EXERCISE DESCRIPTION —
From the line containing "首屆中國雙碳技術大會在濟南舉辦，簽署項目計劃投資184億元" to the line containing "Black Oak County –" in the records below, set down every line exactly as it stands, both ends included, and skip the pictures.

PROVIDED DATA —

:::::

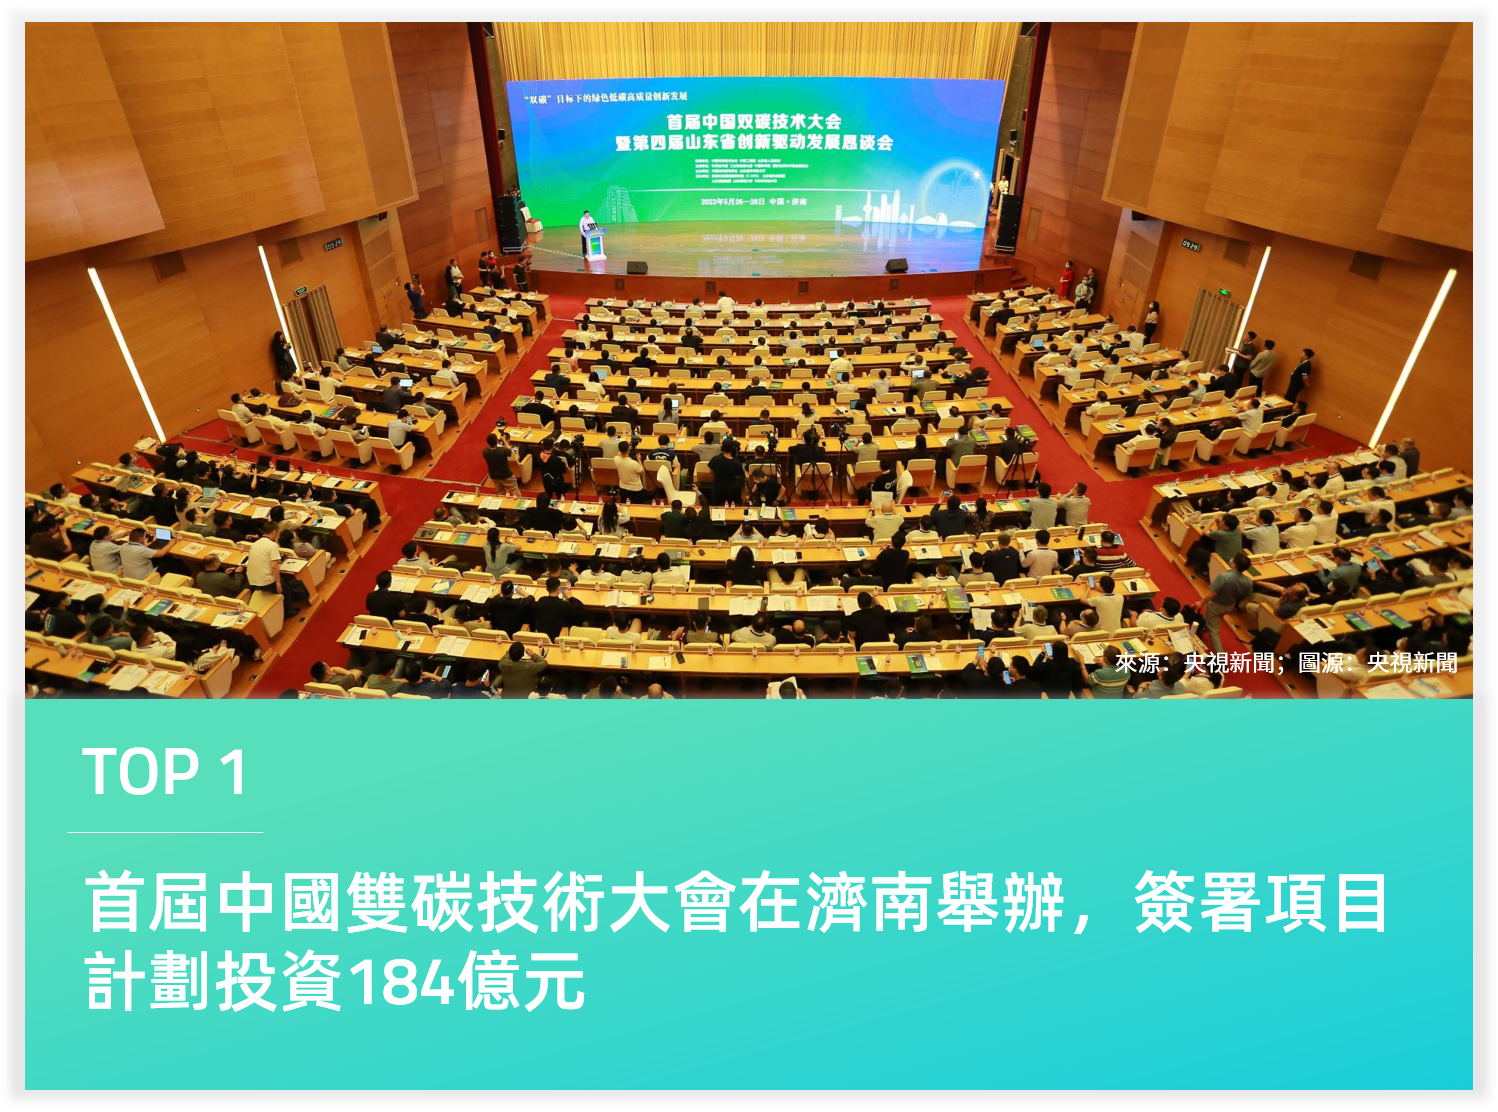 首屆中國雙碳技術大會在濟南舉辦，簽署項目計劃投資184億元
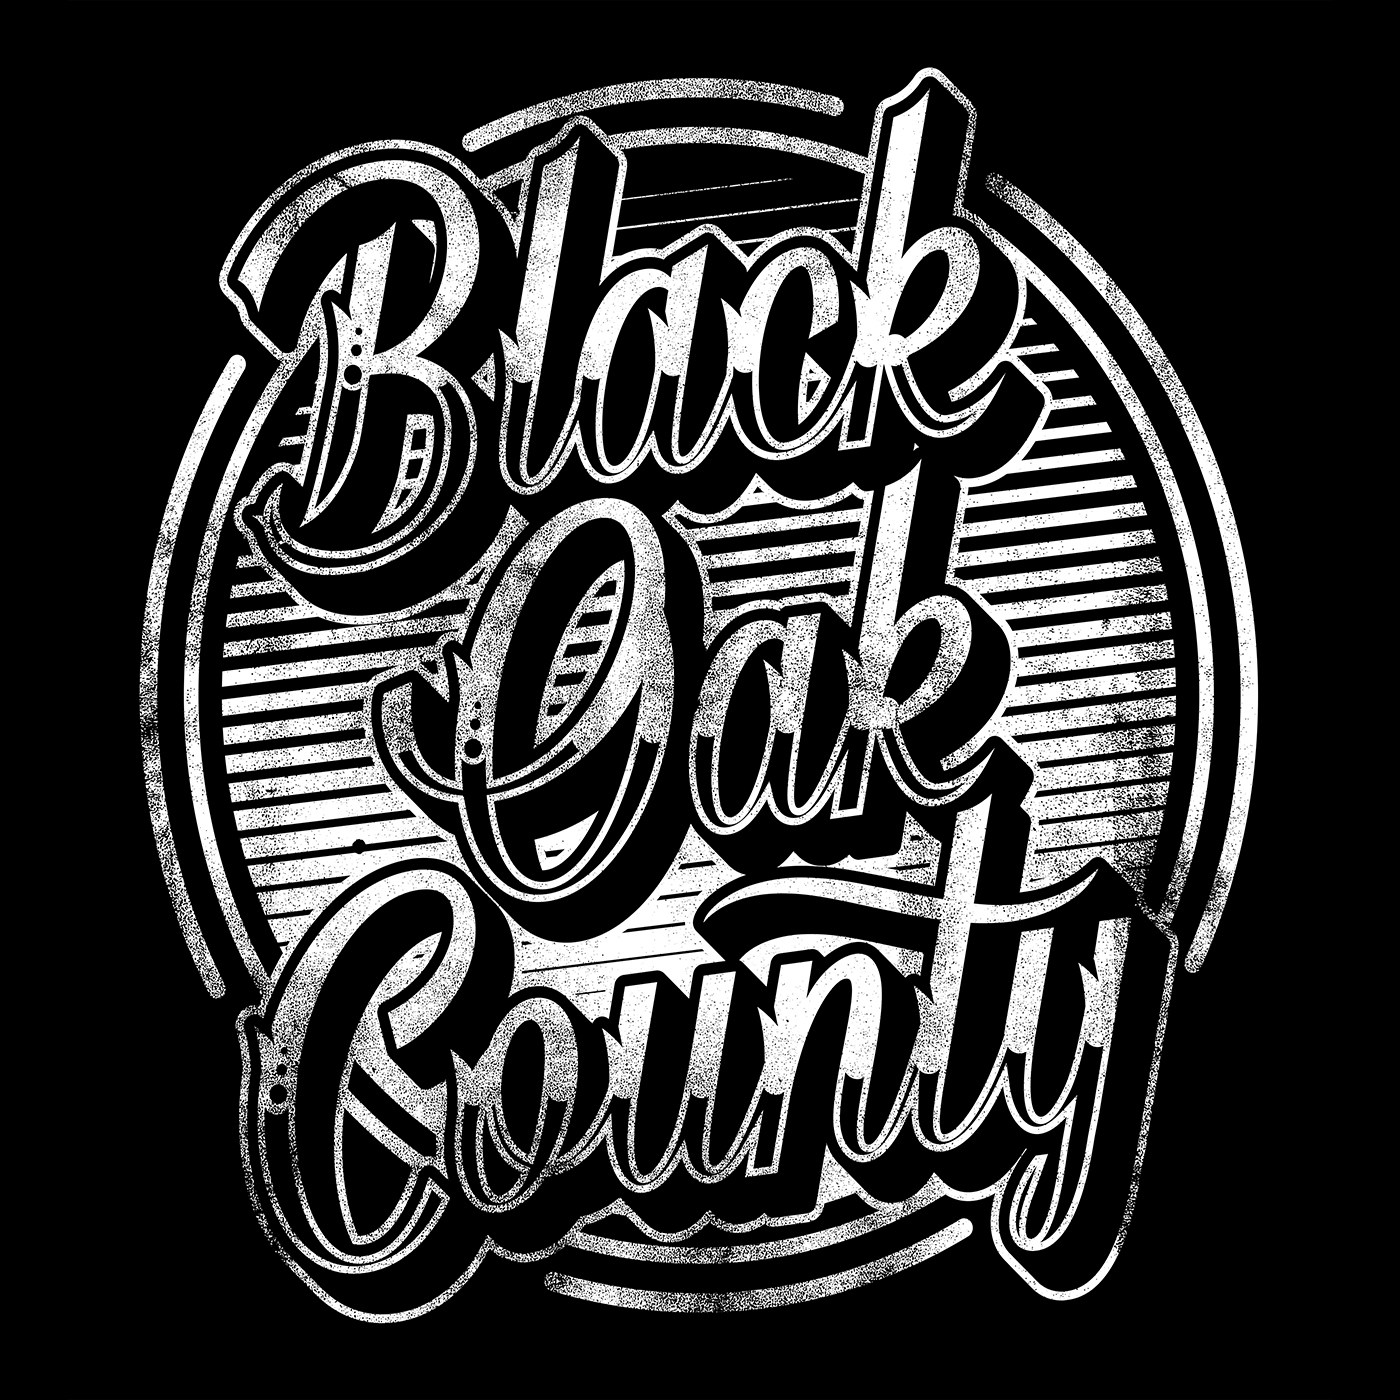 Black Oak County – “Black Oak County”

:::::

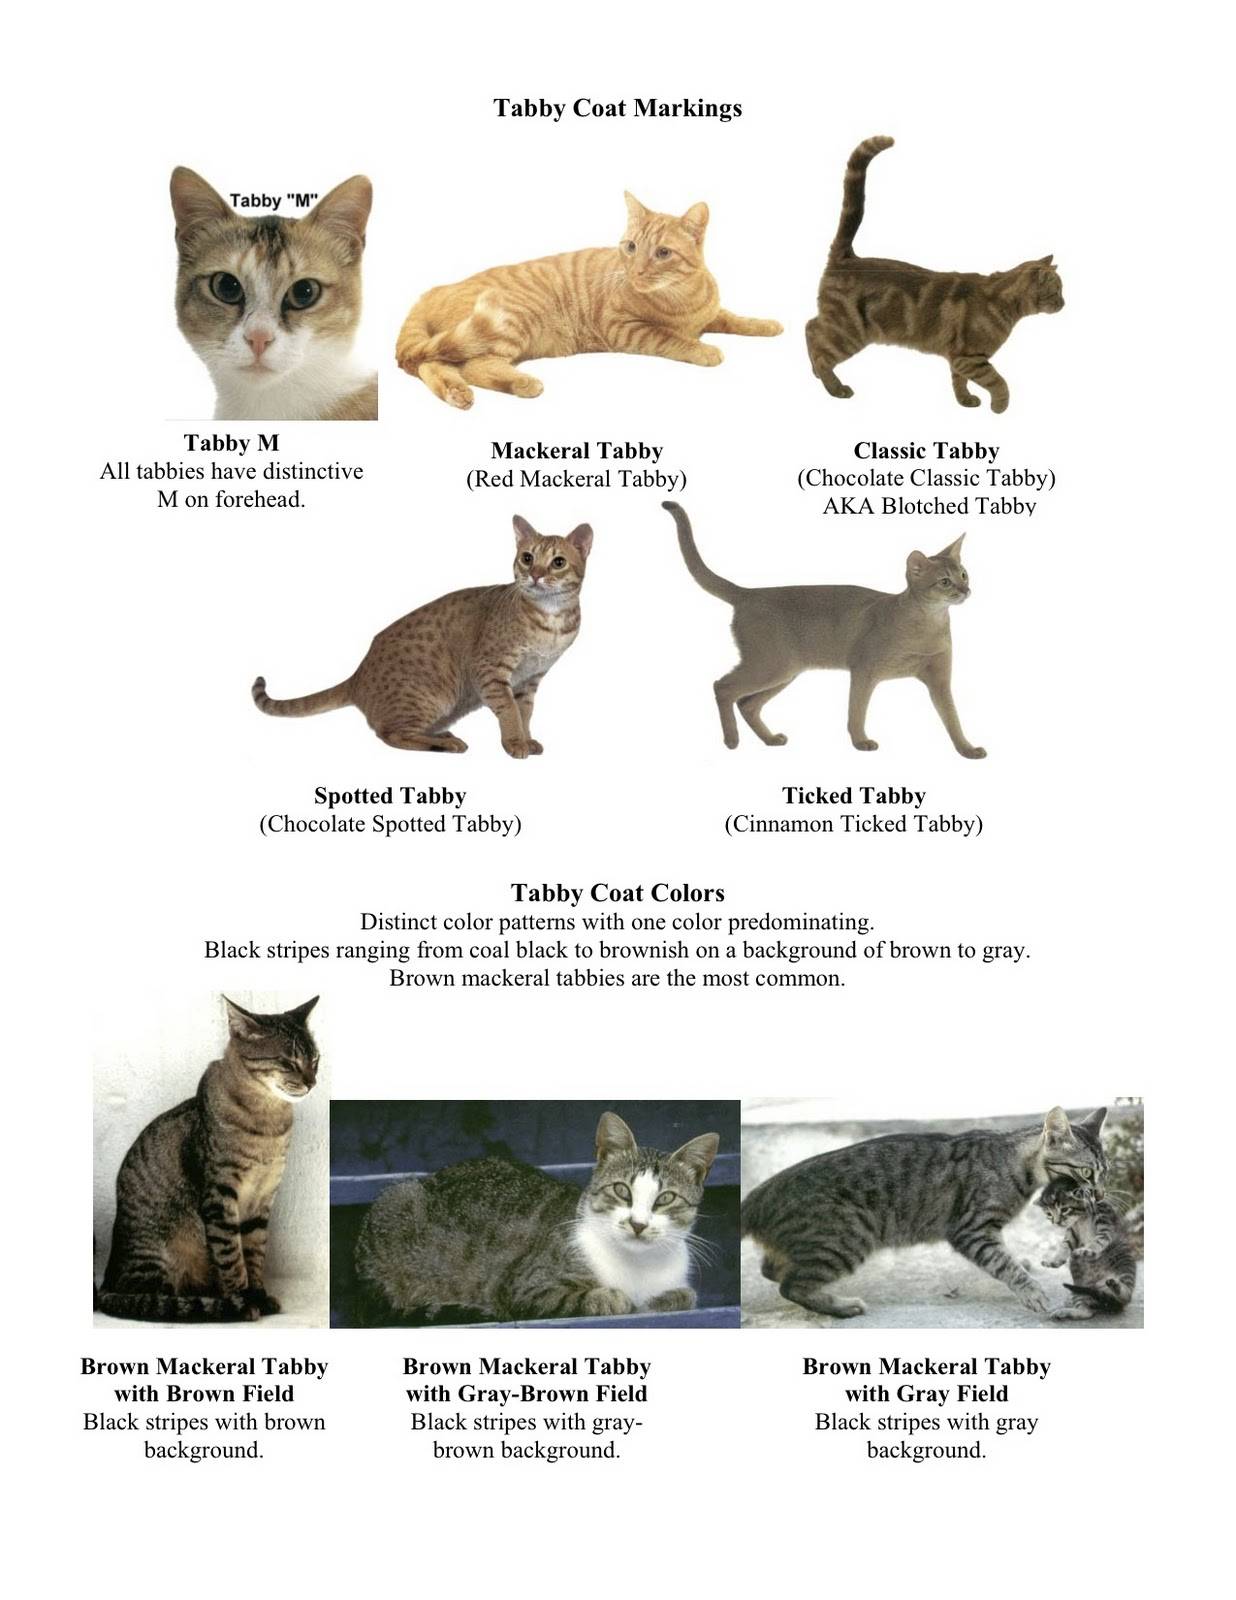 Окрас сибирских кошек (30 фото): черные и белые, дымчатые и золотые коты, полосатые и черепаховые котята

:::::

RESULT OF THE TASK —
 首屆中國雙碳技術大會在濟南舉辦，簽署項目計劃投資184億元
 Black Oak County – “Black Oak County”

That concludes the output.